第二十四話 二度目の年越し①
夜が深く更けるころ。
静まり返った街の遠くから、重厚な除夜の鐘が、遠くから響いてくる。
明日に控えた祝賀会へ向け、邸内にはどこか浮足立つ気配と、心地よい緊張が混ざり合って漂っていた。
ほんの一年前——。
私は暁臣様に救われ、このお邸へ連れてこられた。
あの日から、もう一年。
激動の日々を振り返れば、信じられないほど遠い昔のようでもあり、つい昨日のことのようでもある。
正直に言えば、保護されたばかりの頃の記憶は、寝込むことが多かったせいか、朧気な部分が多い。

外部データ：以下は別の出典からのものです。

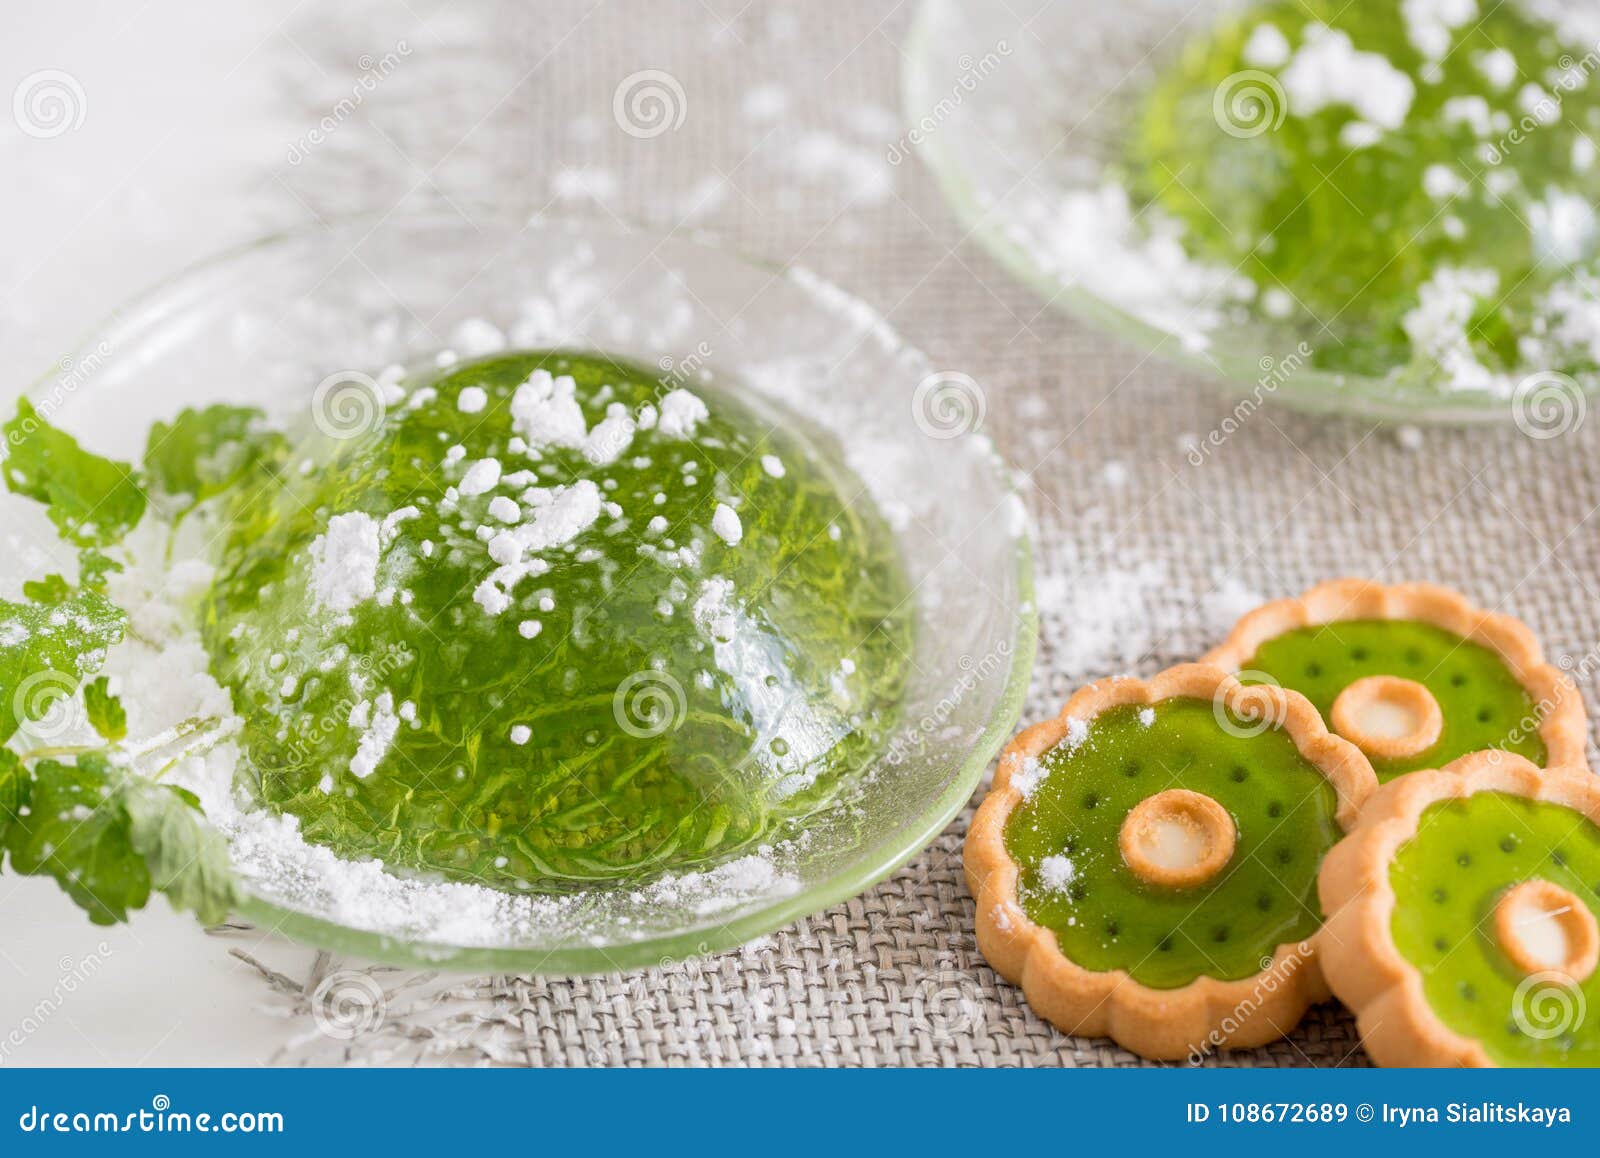 Green jelly. Зеленый студень. Зеленое желе на белом фоне. Желе из зеленого чая. Мятный студень.

けれど意識の断片に刻まれているものは、どれも私の心を柔らかくする。
凍えた身体に染み渡ったお粥。
目が覚めるような甘酸っぱい梅干し。
私の虚弱な体調を慮って、年越し蕎麦の代わりに暁臣様が用意してくださった、柔らかなおうどん。
初めて口にした、あんこ時なこのお餅の甘み。
まるでお伽話の宝箱のようだった、色とりどりのお節料理。
「……食べ物のことばかり思い出してる」
「ん?どうした」
「あ……いえ!なんでも……なんでもありません……っ」
自分の食い意地が張っているみたいで、急に恥ずかしくなって俯く。
けれど、その記憶の向こう側には——いつだって暁臣様のお姿があった。
目の前に置かれた、湯気の立つ温かな器。
たっぷりのねぎに、薄く色づいた桃色の肉。
芳醇なお出汁の匂いに混じって、柚子の清涼な香りが、鼻先をくすぐる。
「今年は一緒に蕎麦を食べられそうだな」
「はい……とっても、美味しそうです」
「料理長に頼んで、上質な鴨を入れてもらった」
「鴨……」
空を飛んでいる、あの鴨だろうか。
あの鴨を食べることができるなんて……。
恐る恐る、箸を伸ばした。
「今夜は、ちゃんと眠れそうか?」
「……はい。がんばって、寝るようにします……」
「睡眠は努力するものではない。がんばらなくていい。ただ、身体を休めなさい」
「はい……そう、ですね」
明日の祝賀会のことを思うと、逃げ出したくなるほど身体が強張ってくる。
けれど、初めて口にする鴨の肉は、鶏肉よりも力強い歯ごたえと、噛むほどに溢れる深い旨味があった。
温かな蕎麦が胃の腑に落ちるたび、凝り固まっていた緊張が、少しだけほどけていく。
——ここは、私が怯える場所じゃない。
暁臣様が、そう言ってくれているみたいだった。
「本当なら明日は、すみれと二人で、ゆっくり初詣にでも行きたいのだがな」
「初詣……ですか?」
「ああ。新しい年の無病息災を祈るんだ。大きな神社なら、境内に賑やかな屋台もたくさん出ている」
「屋台……!あの、お祭りのようなものでしょうか」
「そうだ。焼き団子だの、甘酒だの……子どもが喜ぶものも多い」
「……甘酒……」
次から次へと、どこかで耳にしたことがあるだけの、実際には見たこともない魅力的な単語が飛び出してくる。
どれも、私の知らない、眩しいほどに輝く世界の話だ。
そして、その世界へ——暁臣様は私の手を引いて連れて行こうとしてくれている。
暁臣様と過ごす、今年最後の一日。
蔵の中で寒さに凍えていた一年前の私には、こんなにも彩り豊かな生活が待っているなんて、想像することさえ許されなかった。
食後、自室のベッドに入り、遠くから響き続ける鐘の音に耳を澄ませる。
来年は、一体どんな年になるのだろう。
見たことも聞いたこともない景色。
まだ名前も知らない心の機微——。
そのすべてを、これからも暁臣様の隣で見つけていけるのだろうか。
余韻のように残る鐘の音を子守唄に、私は新しい年への微かな期待を胸に抱いて、ゆっくりと瞼を閉じた。